Мы с Рупой сделали то же самое, потому что в комнату вошла молодая невеста Цицерона.

«Моя дорогая! Я не слышал, как ты вошла». Цицерон поспешил к ней. Он взял её пухлую маленькую ручку в одну руку, а другой погладил её медово-светлые волосы. «Ты порхаешь, как бабочка. Ты появляешься и исчезаешь бесшумно. Твои изящные ножки едва касаются земли!»

Рупа бросил на меня взгляд и закатил глаза. Я постарался не рассмеяться.

«Публилия, это Гордиан, мой старый друг. А это его сын Рупа».

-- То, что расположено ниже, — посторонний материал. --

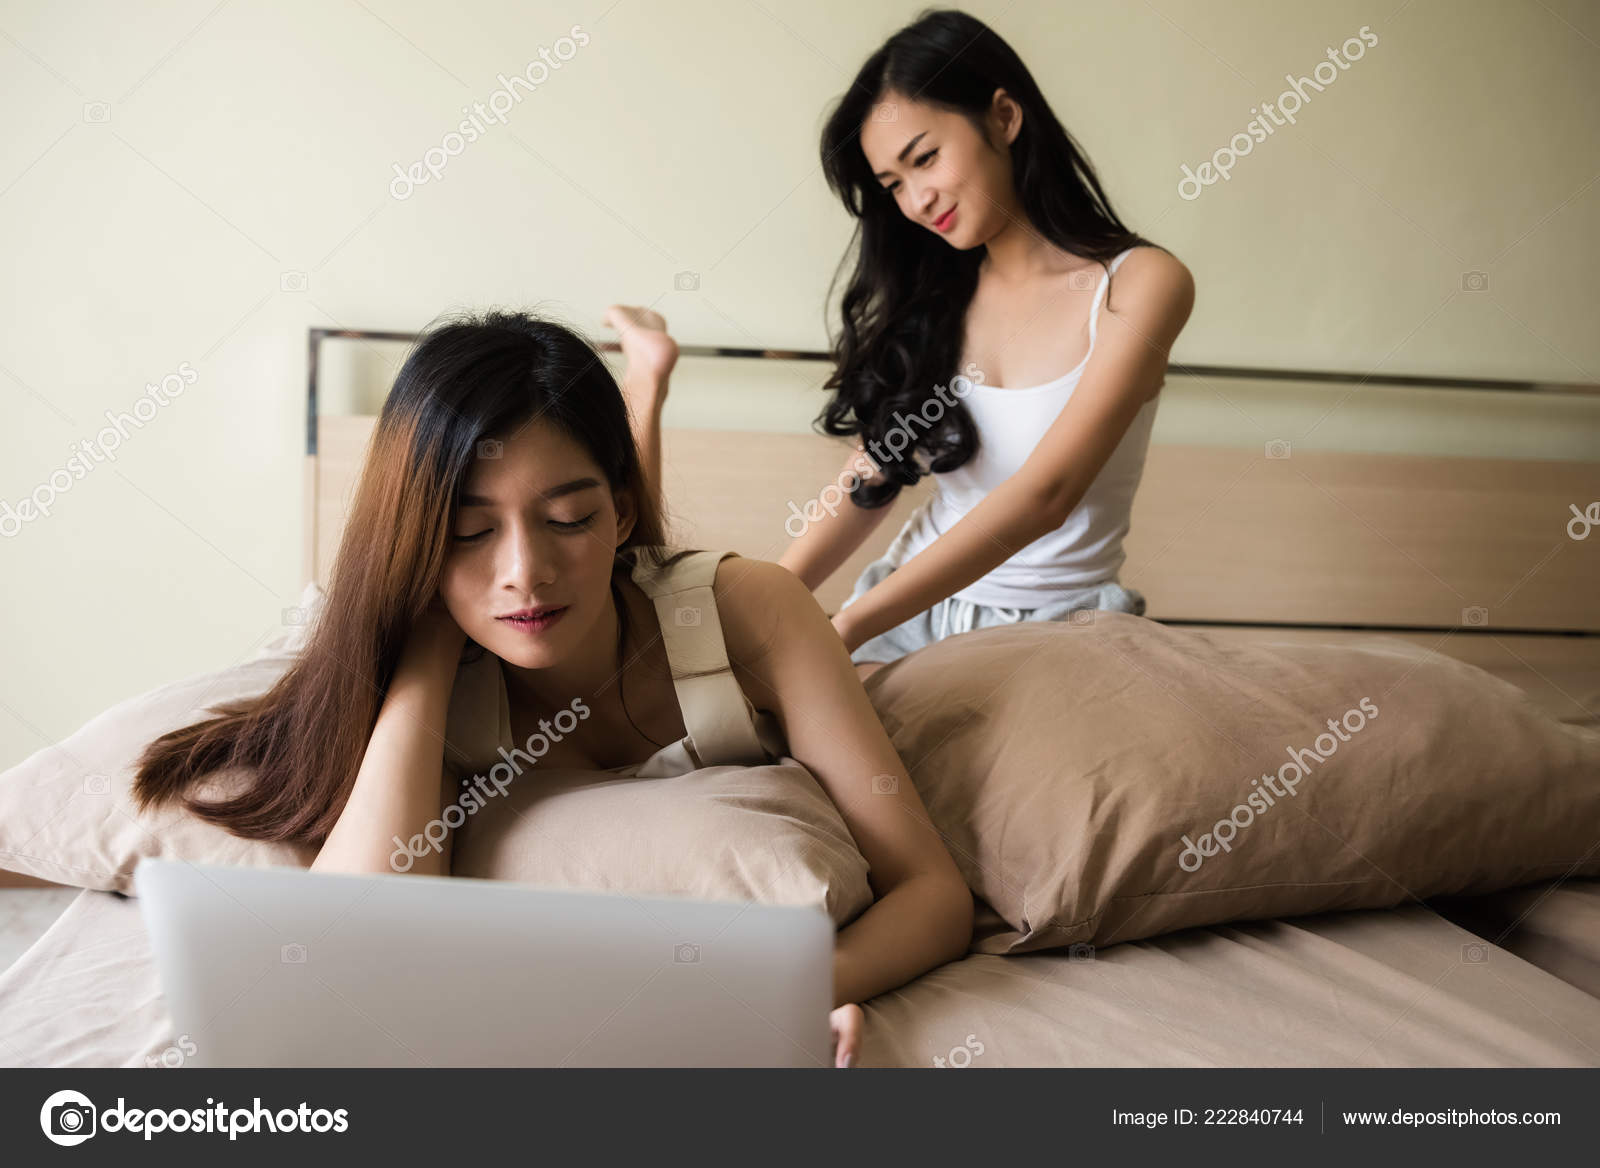 Black Girl Lesbian Massage - Best Sex Photos, Hot Porn ...

Миниатюрная круглолицая девушка вежливо кивнула мне, а затем обратила внимание на Рупу, которая, как я заметил, как раз из тех парней, на которых большинство пятнадцатилетних девушек с удовольствием смотрят. Публилия какое-то время пристально разглядывала его, затем хихикнула и отвела взгляд. Цицерон, казалось, не понимал причины её огорчения, но ему понравился её детский смех, и он тоже захихикал.

«Она очень застенчивая».

«Нет, не я!» — запротестовала девушка, высвобождая руку. Она на мгновение надула губы, затем снова взглянула на Рупу и улыбнулась.

«Ах, кажется, все эти походы по магазинам утомили мою малышку, не так ли?»

— промурлыкал Цицерон. — Или это от жары она капризничает? Может, тебе стоит вздремнуть, дорогая?

«Думаю, я могла бы пойти... прилечь... немного». Она оглядела Рупу с ног до головы и вздохнула. «Особенно если вы, мужчины, говорите о скучных старых книгах».

«На самом деле мы говорили о смерти и убийствах», — сказал я.

«Ох!» — Девушка преувеличенно вздрогнула, отчего ее грудь задрожала.

Для пятнадцатилетнего подростка они оказались на удивление большими.

«Гордиан, ты её напугал!» — возразил Цицерон. «Тебе следует быть осторожнее в своих словах. Публилия ещё совсем ребёнок».

«В самом деле!» — прошептал я.

«Беги, моя дорогая. Выпей. Охладись; позови кого-нибудь из рабов, чтобы он обмахивал тебя. Я присоединюсь к тебе чуть позже. Покажи мне ту ткань, которую ты купила для своего нового платья».

«Красная паутинка из Коса, — сказала она, — такая легкая и прозрачная, что сквозь нее все видно!»

Ком в горле Цицерона подпрыгивал, пока он сглатывал. Он моргнул. «Да, ну, беги, дорогая».

«Ваша невеста совершенно очаровательна», — сказал я после ухода Публилии. «Большое ли у неё приданое?» В тех светских кругах, куда стремился Цицерон, этот вопрос не считался грубым.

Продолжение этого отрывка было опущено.